Focusing on clinical factors, researchers have previously identified several biomarkers (using an ML-based approach) such as multivariable logistic regression model. A study by [27] showed that the value of D-dimer > 2mg/L was associated with mortality among COVID-19 patients. The group has observed a significant correlation between D-dimer levels and disease severity measured by the CT, oxygenation index, and clinical staging. Another group [28], reported lactic dehydrogenase (LDH), lymphocyte, and high-sensitivity C-reactive protein (hs-CRP) were associated with the survival of COVID-19 patients. In the present study, we applied machine learning-based prediction in a cohort of 5,059 patients (median age =46 years, 95% confidence interval (CI): [45,46.1]; 49.3% male) who had tested positive for COVID-19 based on electronic health records. The study also included 532,427 patients as controls and identified both immunological and metabolic biomarkers that help to predict mortality among COVID-19 patients. Identification of both immunological and metabolic biomarkers is very important for mortality prediction of the COVID-19, which is ever mutating and can lead to serious health conditions.

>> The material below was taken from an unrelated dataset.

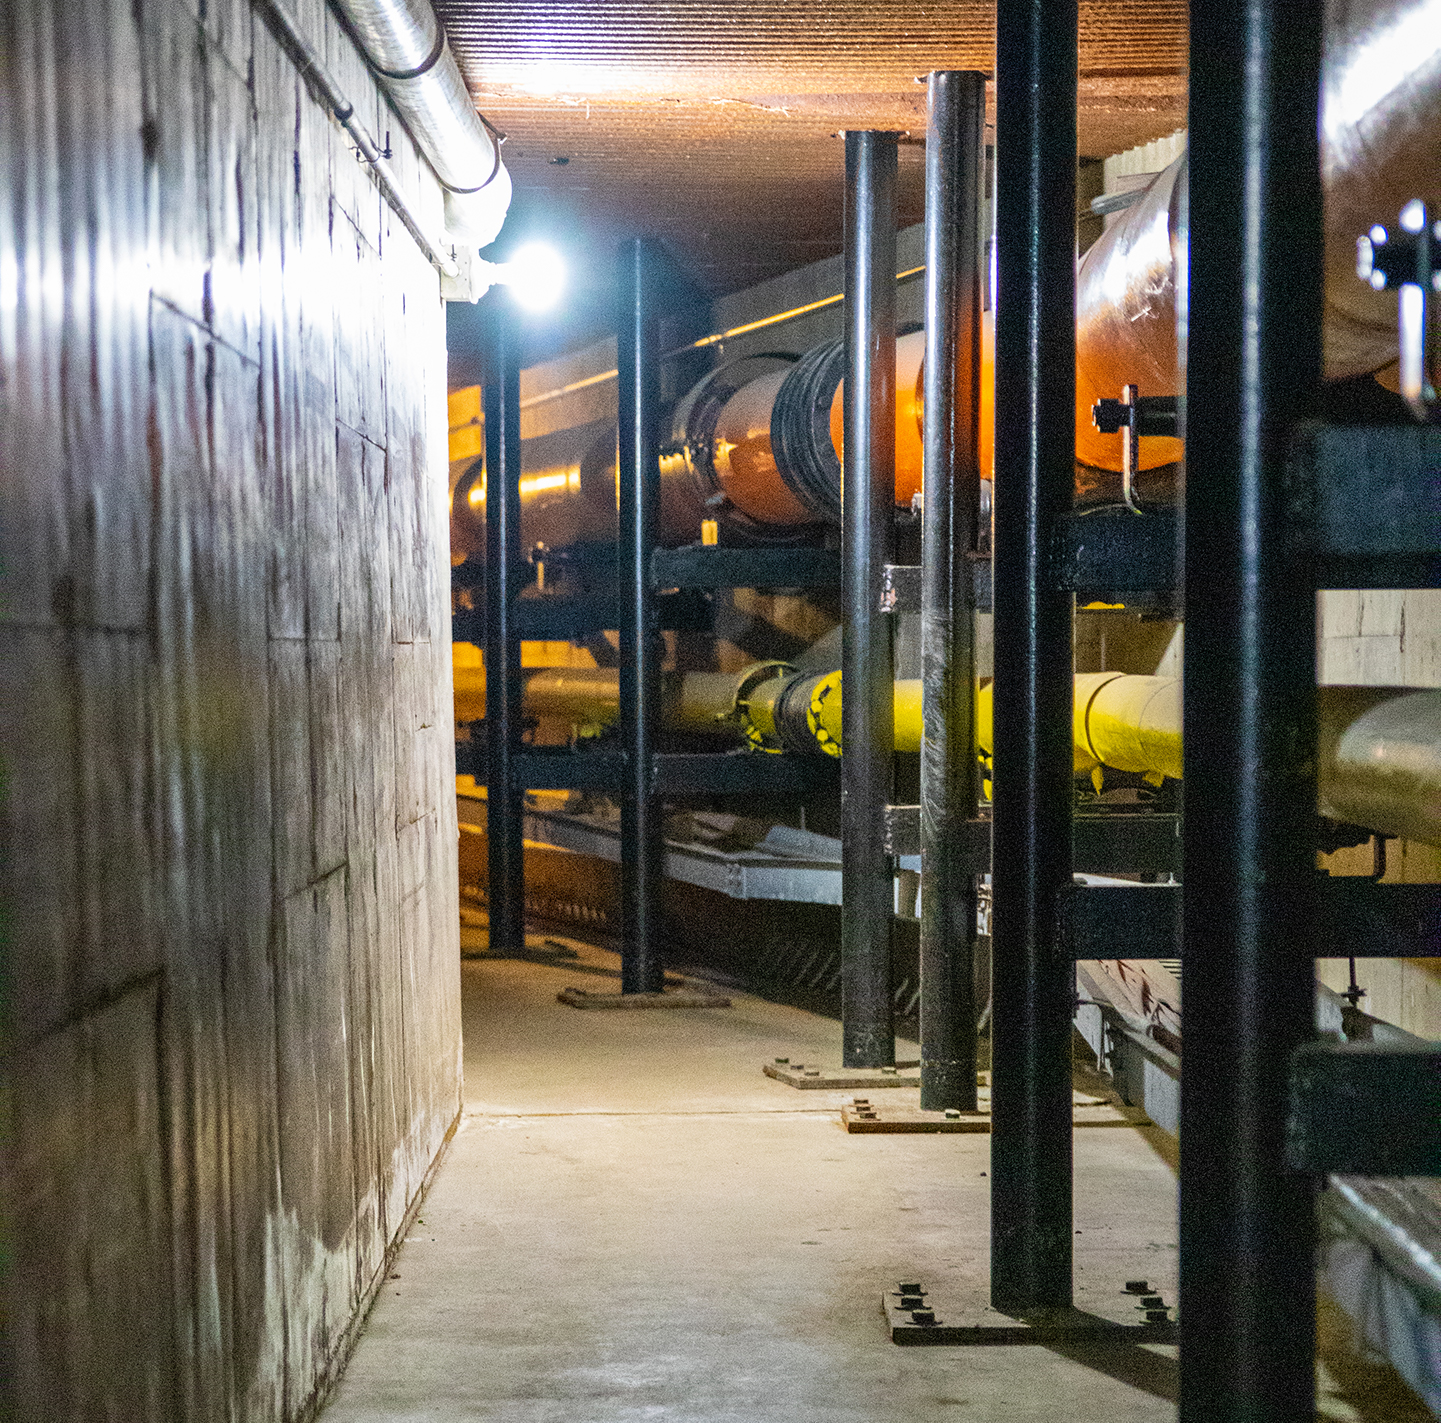 Underneath the U: The strange history behind USD’s tunnel system

Our result indicated that age, glomerular filtration, albumin, urea, procalcitonin, c-reactive protein, oxygen, bicarbonate, carbon dioxide, ferritin, glucose, erythrocytes, creatinine, lymphocytes, PH of blood and leukocytes are the most important biomarkers identified to predict COVID-19 mortality which are better suited in the effort of optimizing public health resources, targeted community interventions and clinical decision making. Age was also identified as a key predictor of mortality in previous studies [29]. As with the older age, the immunosenescence and/or multiple medical conditions tend to make patients more prone to critical COVID-19 illness [30]. Lymphocytes are among identified immunological and metabolic biomarkers. They are critical components of the immune system and play very important role in host defense and clearing infections. Medical condition due to lower number of lymphocytes in the blood, is a typical feature in COVID-19 patients and may be a key factor in disease mortality [31]. C-reactive protein, carbon dioxide, oxygen and glucose are also among the identified immunological and metabolic biomarkers that have a significant importance for early diagnosis and mortality because of COVID-19 [31].

Creatinine which is also among our identified immunological and metabolic biomarkers is a waste product made by muscles filtered by kidney. High levels of creatinine indicates that kidneys aren’t functioning properly which in turn has a significant role in predicting COVID-19 mortality [31]. In our study, ferritin and albumin are also among the most important immunological and metabolic biomarkers identified for COVID-19 mortality prediction. Ferritin is a blood protein that contain iron leading to anaemia if low blood ferritin level and albumin is a protein made by liver used as storage reservoir of proteins and transporter of amino acids. Low albumin level on presentation in COVID-19 infection is associated with serious outcomes and mortality [32]. Early identification of high-risk COVID-19 patients is very important, as it can speed up the establishment of more responsive health care systems, ensure instant intervention and intensive care. Besides, early recognition of critical patients can help to mitigate the burden on health systems, enabling the health care providers to prioritize the allocation of limited resources during epidemic peaks and optimize decision-making strategy. To the best of our knowledge, no previous research has identified important immunological and metabolic biomarkers to the extent demonstrated in our study. Our findings cover hematological, coagulation, cardiac, hepatic, renal and inflammatory factors.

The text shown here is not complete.